Mensch-Roboter Kollaboration (MRK) in der Fabriksimulation

In der Fabrik der Zukunft arbeiten Robotiksysteme auf engstem Raum sicher und effizient mit Menschen zusammen. Dabei werden die Stärken und Fähigkeiten von Mensch und Maschine optimal genutzt und verbunden, so dass durch kognitive Unterstützung des Menschen und die Präzision der Maschine eine hohe Flexibilität für variable Produktionsaufgaben erreicht wird. Beim Entwurf von Produktionsumgebungen spielen Simulationen eine unersetzliche Rolle, da sie die Funktionsfähigkeit schon zu einem frühen Zeitpunkt im Entwurfsprozess überprüfbar machen. Die hybriden Produktionsumgebungen mit dem komplexen Zusammenspiel von Mensch und Roboter stellen die Simulation aber vor ganz neue Herausforderungen. In diesem Fachgespräch wurde über den Nutzen, das Potential und die Grenzen aktueller Simulationsansätze für die frühzeitige Entwurfsabsicherung kollaborativer Robotiksysteme anhand konkreter Anwendungsbeispiele intensiv diskutiert.

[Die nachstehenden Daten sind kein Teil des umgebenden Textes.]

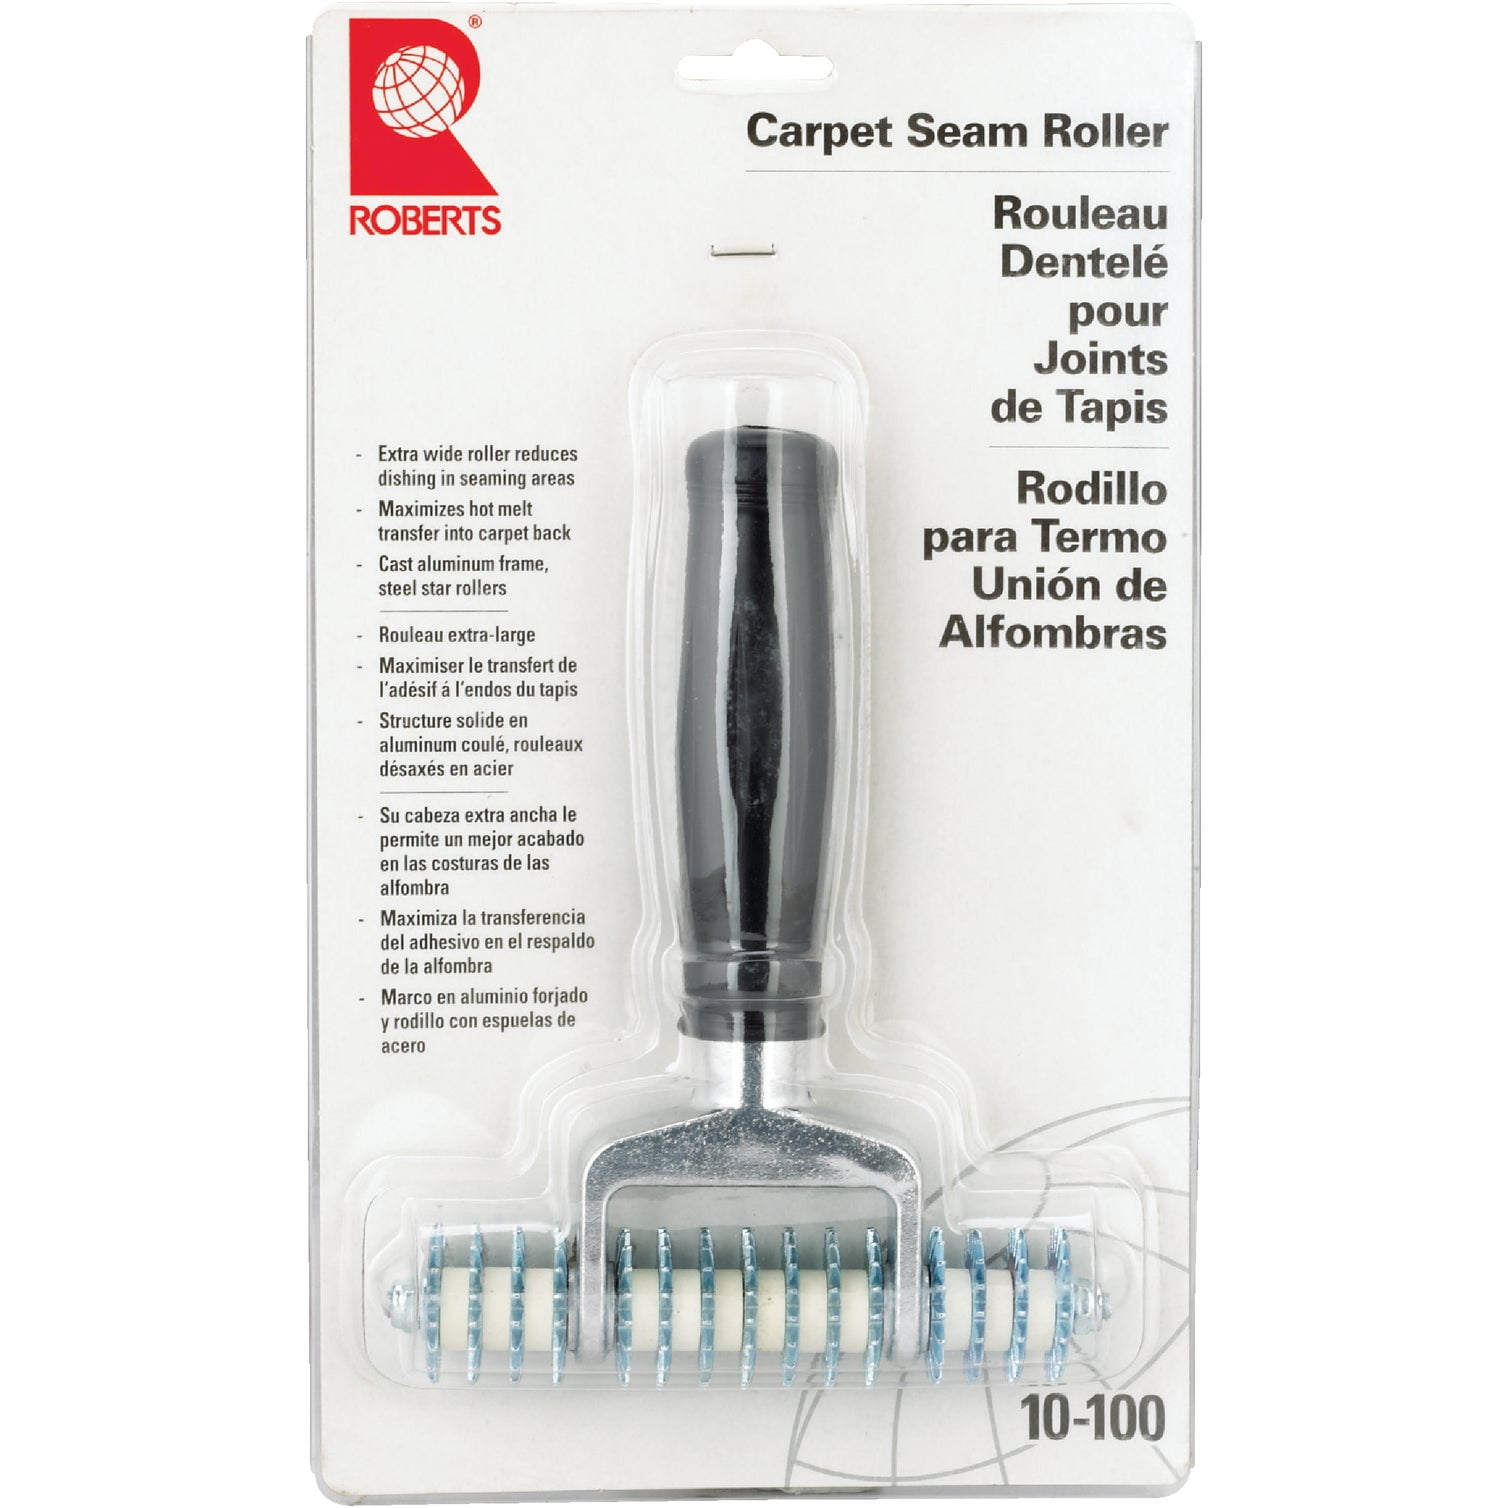 Roberts 3 1/2 Star Carpet Seam Roller

Spannende Vorträge und reger Austausch beim Get-Together im CITEC.

Das OWL Kompetenzzentrum für Virtual Prototyping & Simulation e.V. (ViProSim) befasst sich mit genau solchen Fragestellungen und steht für den direkten wettbewerbsneutralen Wissenstransfer zwischen Forschungseinrichtungen, Software-Anbietern und Anwendern aus der Industrie. In Kooperation mit Digital in NRW wurde das Fachgespräch am Standort Bielefeld organisiert. Gastgeber war das Forschungsinstitut für Kognition und Robotik (CoR-Lab) der Universität Bielefeld.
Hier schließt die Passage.